Сотрудники ВЧК и приданный отряд Красной гвардии оцепили станцию. Пулеметы были выставлены прямо на перроне и на крыше гатчинского вокзала, а Левантов с ручным «льюисом» засел на водокачке. Матросы попытались огрызаться, но несколько пулеметных очередей, выпущенных над крышами вагонов, охладили страсти, приведя в чувство большинство буйных клешников.

Бежавшие с фронта герои-балтийцы покорно покидали вагоны, сдавали оружие. Впрочем, до сотни моряков пришлось выносить, поскольку те не могли самостоятельно передвигаться, будучи мертвецки пьяными. Всего чекисты задержали сотни три моряков, тогда как из-под Нарвы исчезло до полутора тысяч во главе с морским наркомом Дыбенко. Командовавший операцией Адам, по причине интеллигентности, почти не ругался, но по зверскому выражению морды лица было видно – готов собственноручно расстрелять изменников, открывших немцам дорогу на столицу мировой революции.
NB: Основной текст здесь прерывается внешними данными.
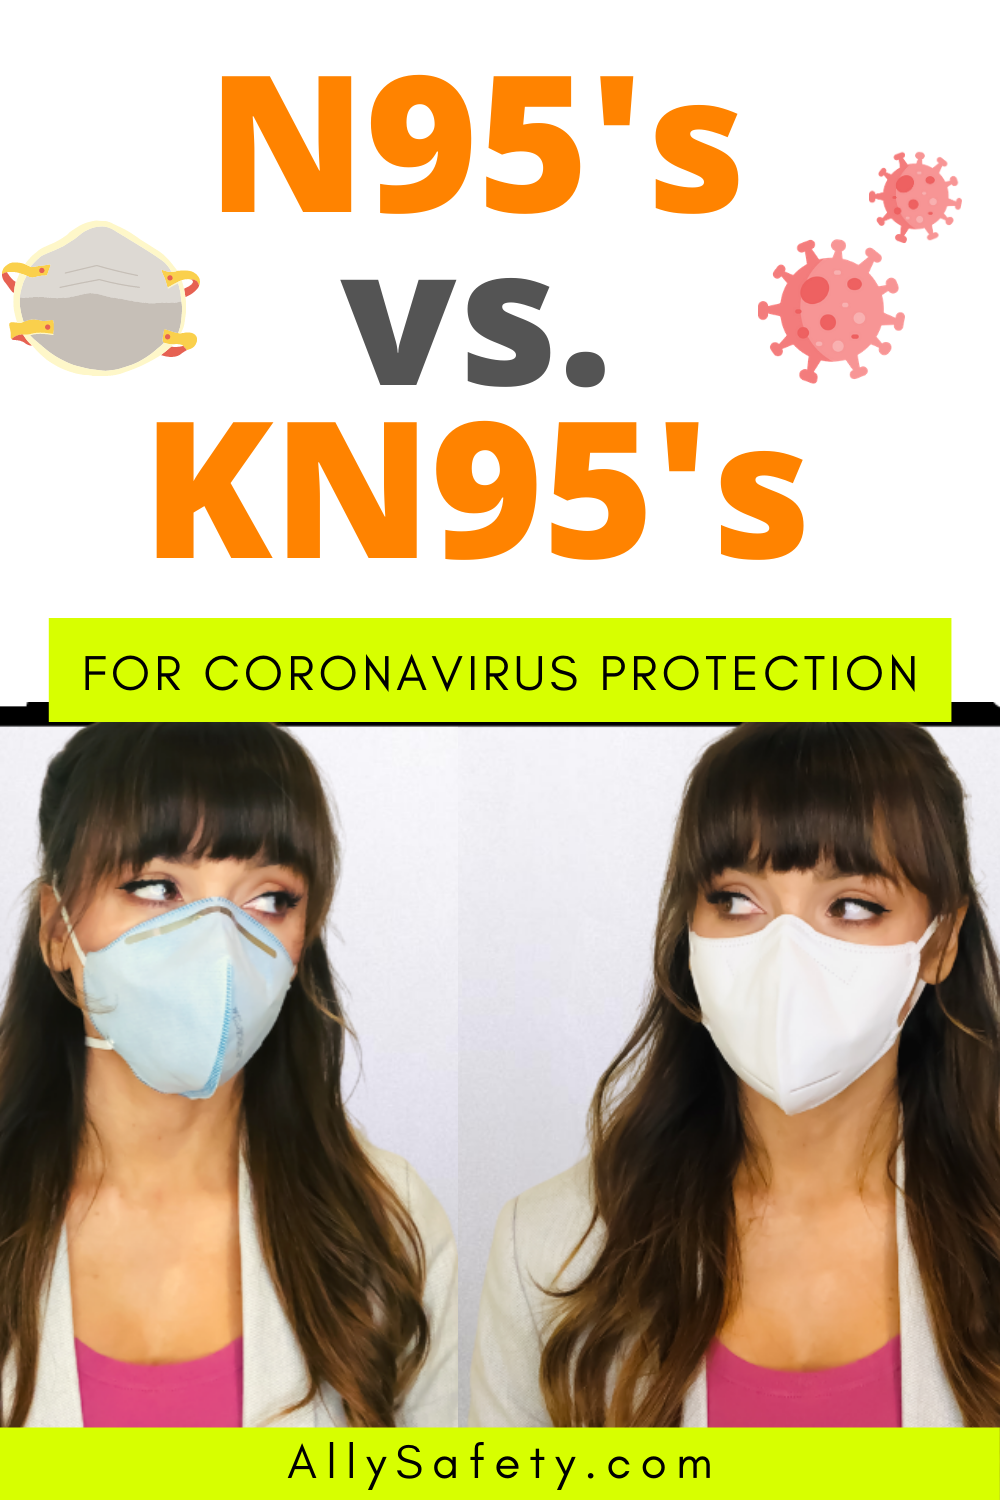 N95's vs. KN95's for Coronavirus Protection
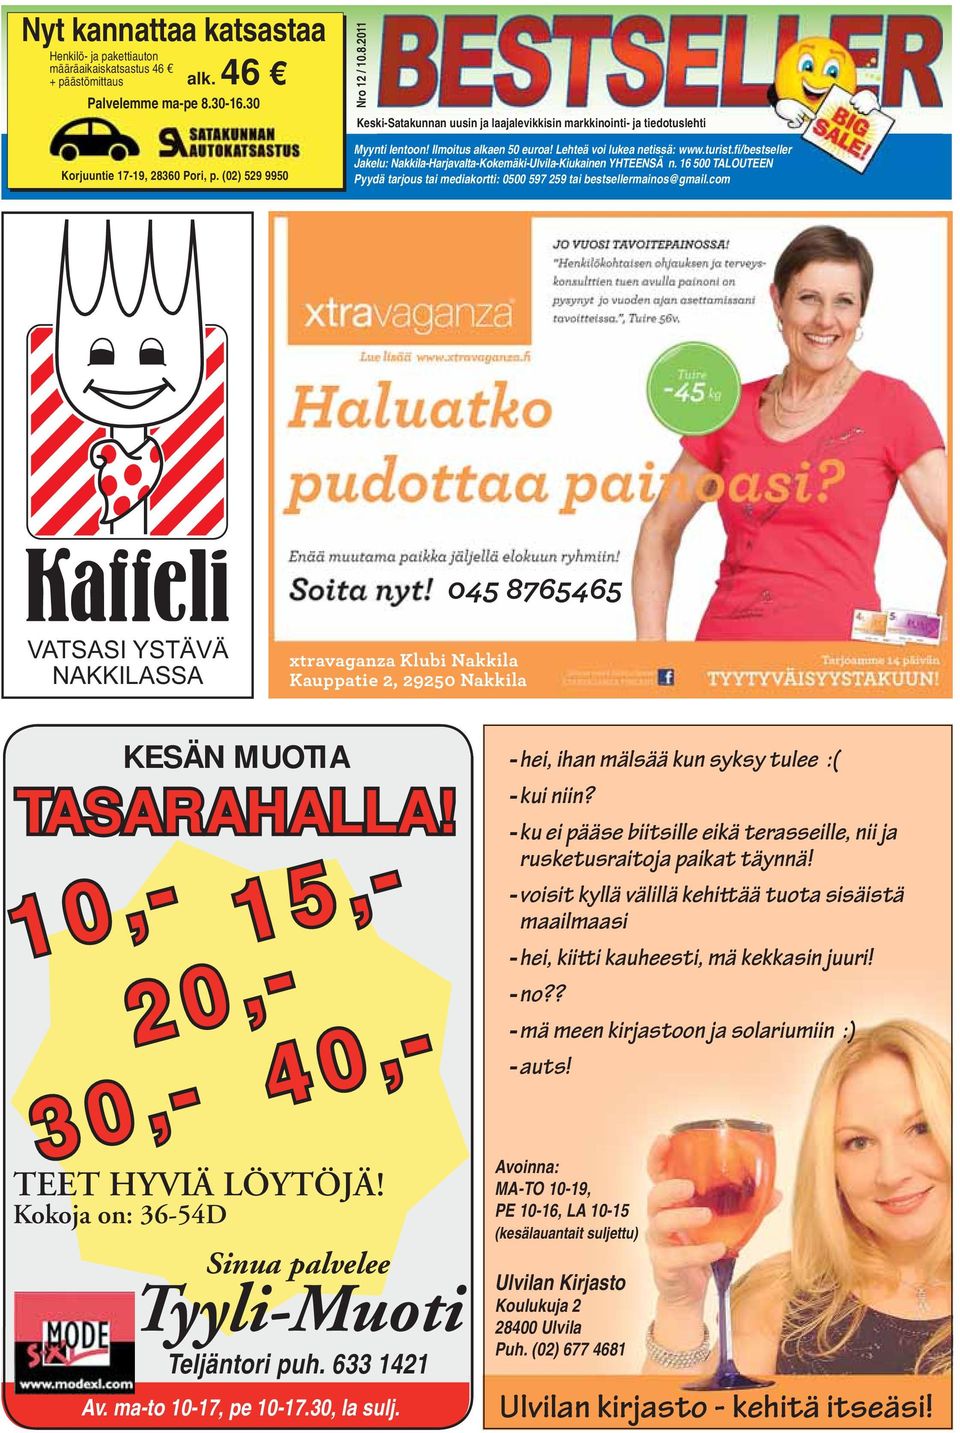 Lehteä voi lukea netissä: www.turist.fi/bestseller Jakelu: Nakkila-Harjavalta-Kokemäki-Ulvila-Kiukainen YHTEENSÄ n.

– Да уж, убивать офицеров было проще, чем остановить батальон немцев, – поигрывая наганом, сказал Роман. – Где ваш кураж, шкуры в бескозырках? Хотя бескозырок тоже не видно.

Арестованный матрос подобострастно хихикнул, боязливо глядя на грозных чекистов. Спустившийся с водокачки Левантов резонно заметил:

– Странно, как они свои расклешенные штаны с перламутровыми пуговичками не потеряли во время драпа. Надо было в затылок этим трусливым шакалам заградотряд с пулеметами поставить.

– Ой надо… – согласился Мамаев и вдруг увидел в толпе задержанных беглецов знакомое лицо. – Вот уж кого не думал встретить… Адам, разреши допросить его.

– Знакомый? – Адам дернул плечом. – Займись. Обязательно выясни, куда остальные девались…

Ничего особенно нарвским беглецам не грозило. Из истории было известно, что Дыбенко будет пойман через месяц аж в Самаре, но покается и отделается временным исключением из партии. Рядовых и вовсе малость пожурят и снова на фронт отправят.

Представляя в общих чертах ближайшее будущее, Роман и Георгий все же припугнули старого приятеля Матвея Рысакова. Комиссар 7-го батальона понуро сидел за столом в станционной конторе и каялся: мол, поддался панике, бежал вместе со всеми. Видя, что парень сломался, Гога распорядился принести чай, даже поделился с подследственным сухарями.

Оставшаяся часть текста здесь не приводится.